- Theatrical release poster
- Directed by: Sidney Salkow
- Screenplay by: Ric Hardman
- Produced by: Vern Alves Philip May
- Starring: Randy Sparks Venetia Stevenson Dick Foran Jesse White Dick Contino Frank Ferguson
- Cinematography: William P. Whitley
- Edited by: Dwight Caldwell
- Music by: Richard LaSalle
- Production company: Maycliff Productions
- Distributed by: Paramount Pictures
- Release date: February 17, 1960;
- Running time: 74 minutes
- Country: United States
- Language: English

= The Big Night (1960 film) =

1960 film

The Big Night is a 1960 American drama film directed by Sidney Salkow and written by Ric Hardman. The film stars Randy Sparks, Venetia Stevenson, Dick Foran, Jesse White, Dick Contino and Frank Ferguson. The film was released on February 17, 1960, by Paramount Pictures.

==Plot==

Police kill two fleeing criminals while a third escapes. A briefcase tossed from their car's window into a canal is recovered by a young man, Frankie, who discovers that it contains $209,000 in cash from a bank robbery.

Frankie confides in his girlfriend Ellie, whose mother has expressed worry about her dating a young hoodlum. Ellie can't persuade Frankie to do the honest thing and return the money, which he hides. Carl Farrow, the remaining bank robber, begins trying to find out who has it, as does Wegg, a corrupt cop.
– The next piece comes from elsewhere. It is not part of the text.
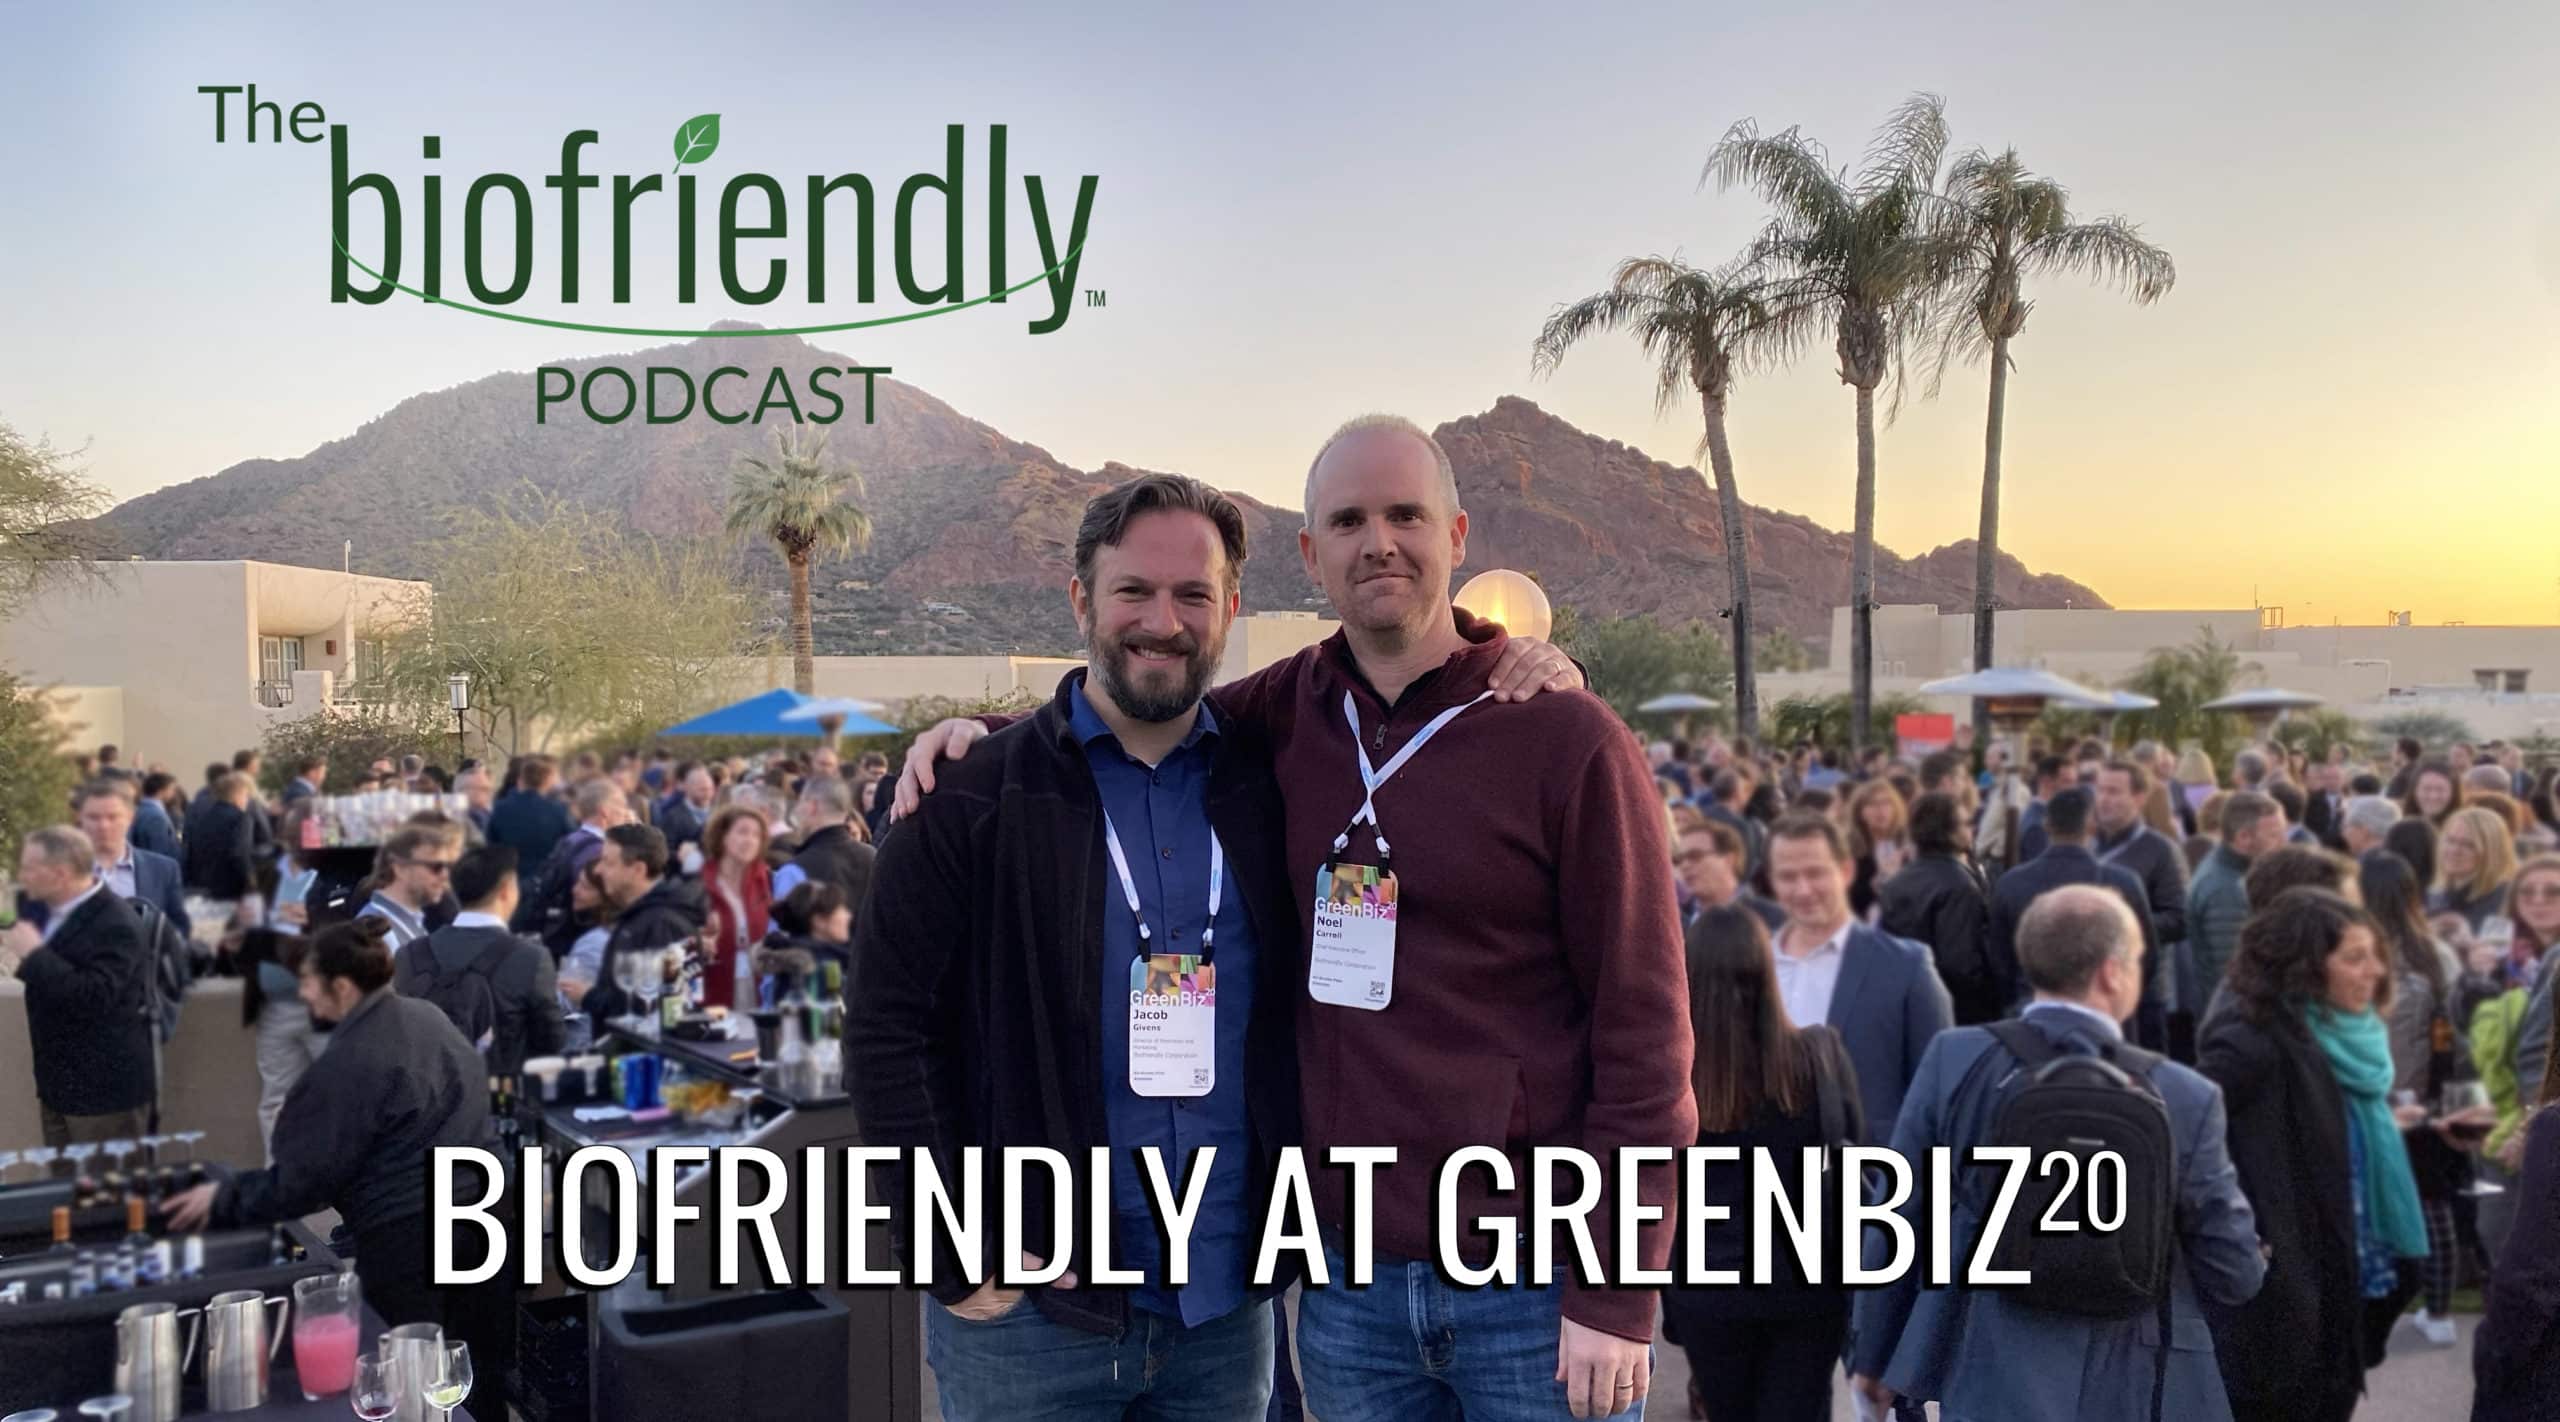 The Biofriendly Podcast - Episode 50 - Biofriendly At GreenBiz 20
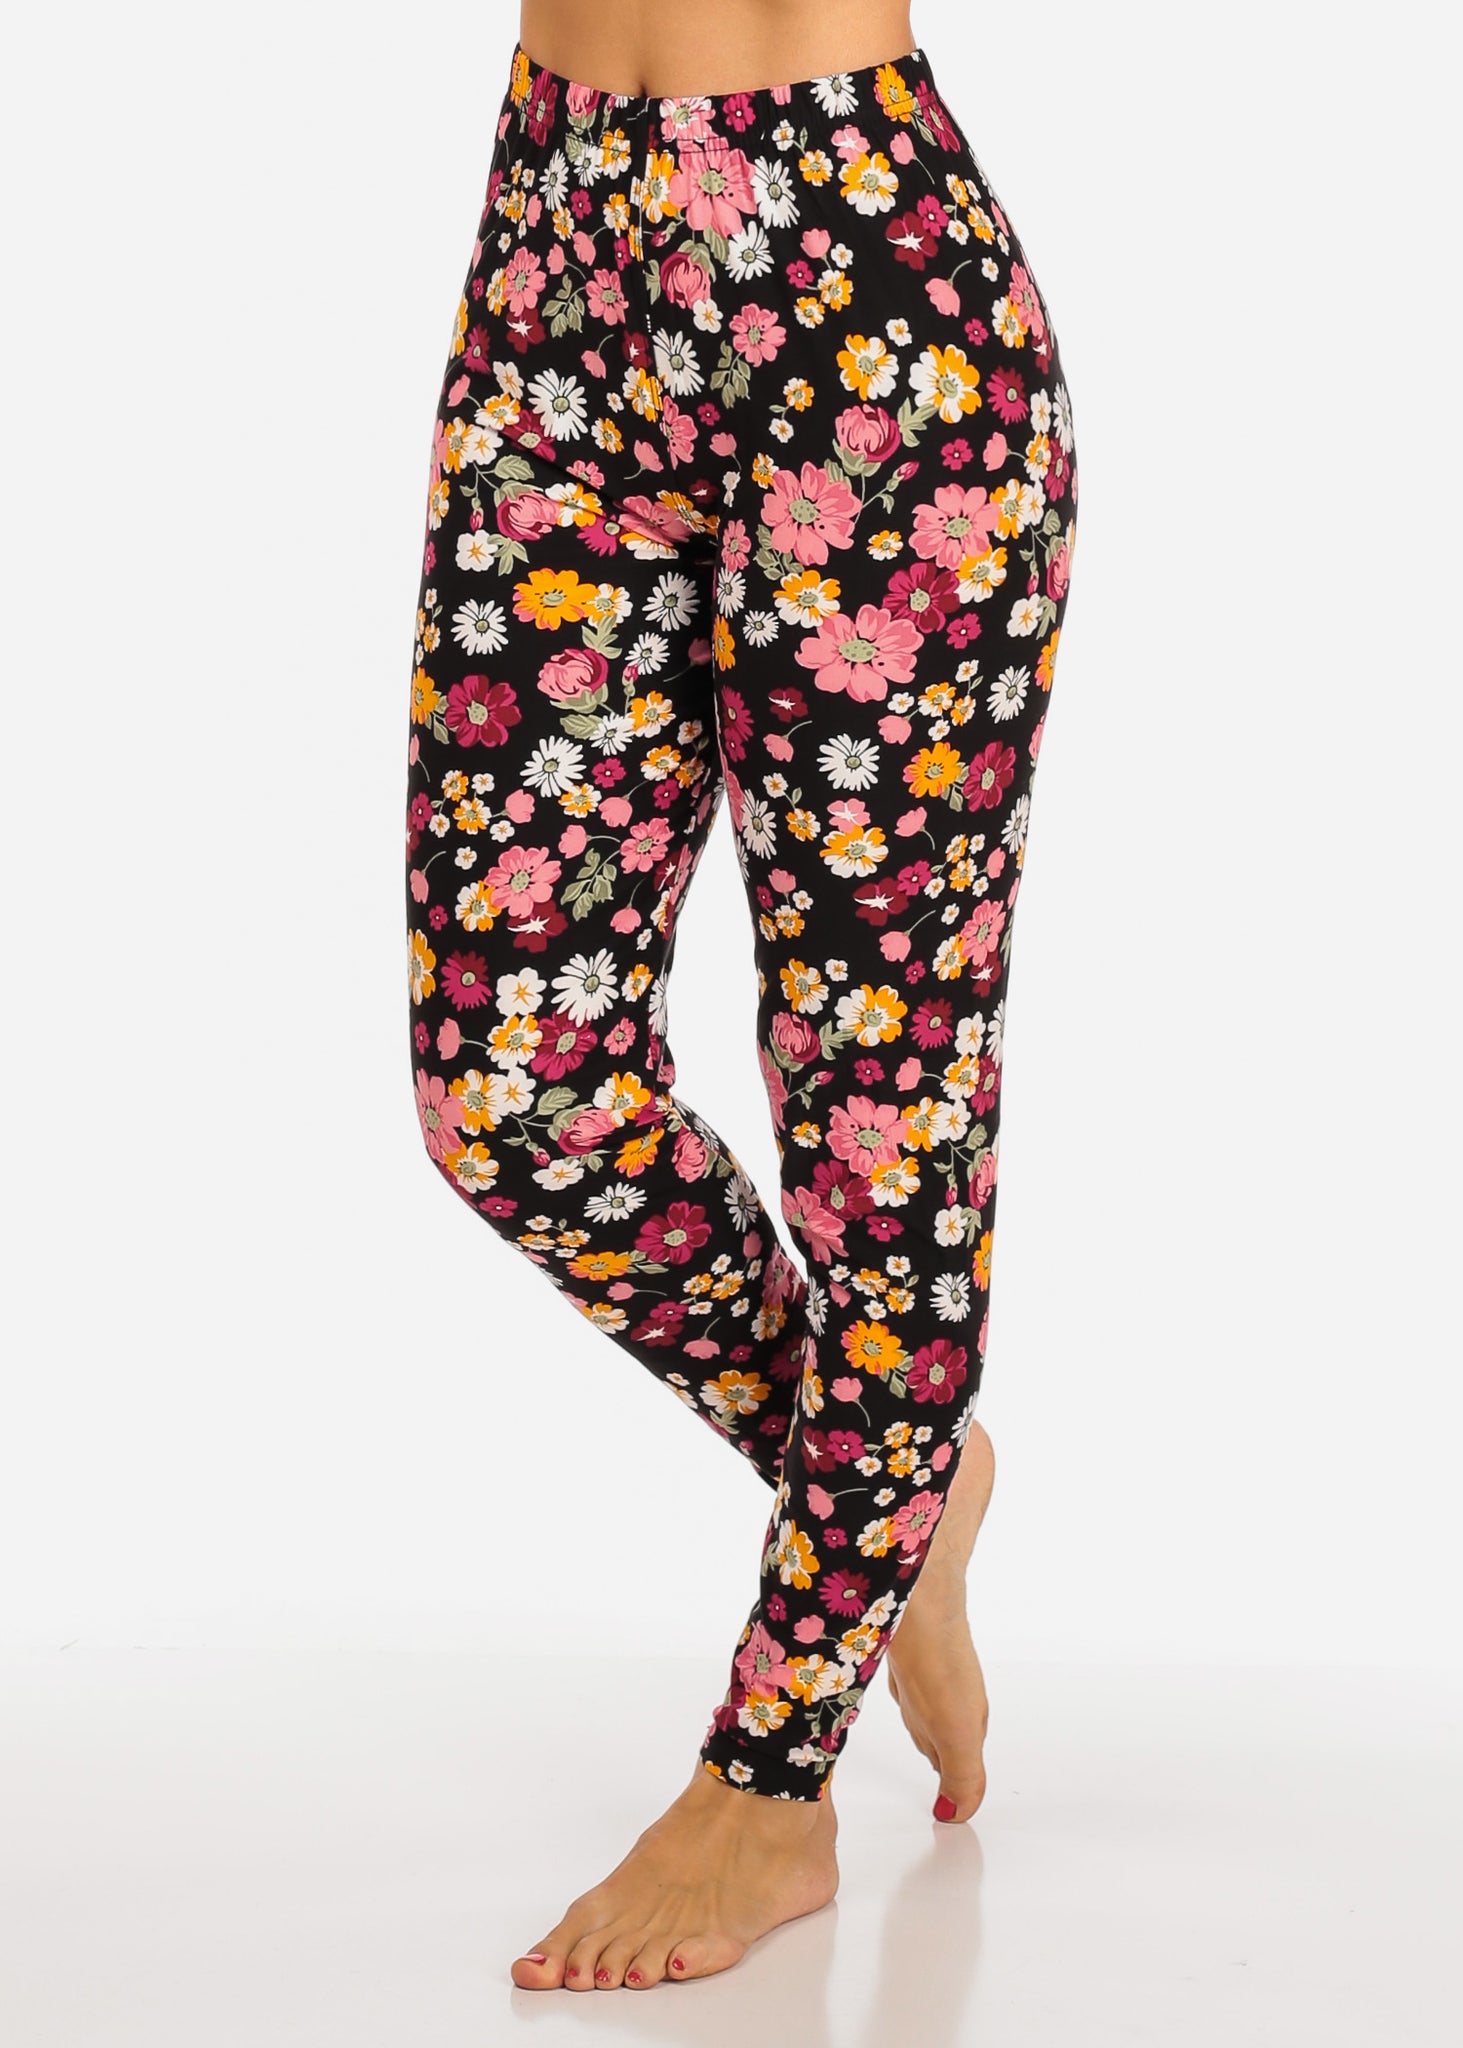 Daisy Flower Design Multi Color Women's Leggings Skinny Leg Pants F-43 –  One Size Fits

Following the boy, Wegg tries to cut himself in on a deal with Farrow, who instead slugs him and leaves him dead in the canal. Frightened after finding the body, Frankie turns himself in to the police. Farrow comes gunning for him but Frankie survives, then hopes for leniency from the law.

==Cast==
- Randy Sparks as Frank
- Venetia Stevenson as Ellie
- Dick Foran as Ed
- Jesse White as Wegg
- Dick Contino as Carl Farrow
- Frank Ferguson as Dave
- Paul Langton as Spencer
- House Peters, Jr. as Robert Shaw
- Robert Paget as Tony
- Marc Cavell as Jerry
- Kay E. Kuter as The Mailman
- Anna Lee as Mrs. Turner

== Reception ==
In a brief contemporary review for The New York Times, critic Eugene Archer wrote that the film consists of "Randy Sparks as a juvenile delinquent who finds a briefcase containing $200,000 in stolen banknotes and wastes more than seventy minutes of screen and audience time before turning it over to the police. Venetia Stevenson, Dick Foran and Anna Lee are inconspicuous in the cast."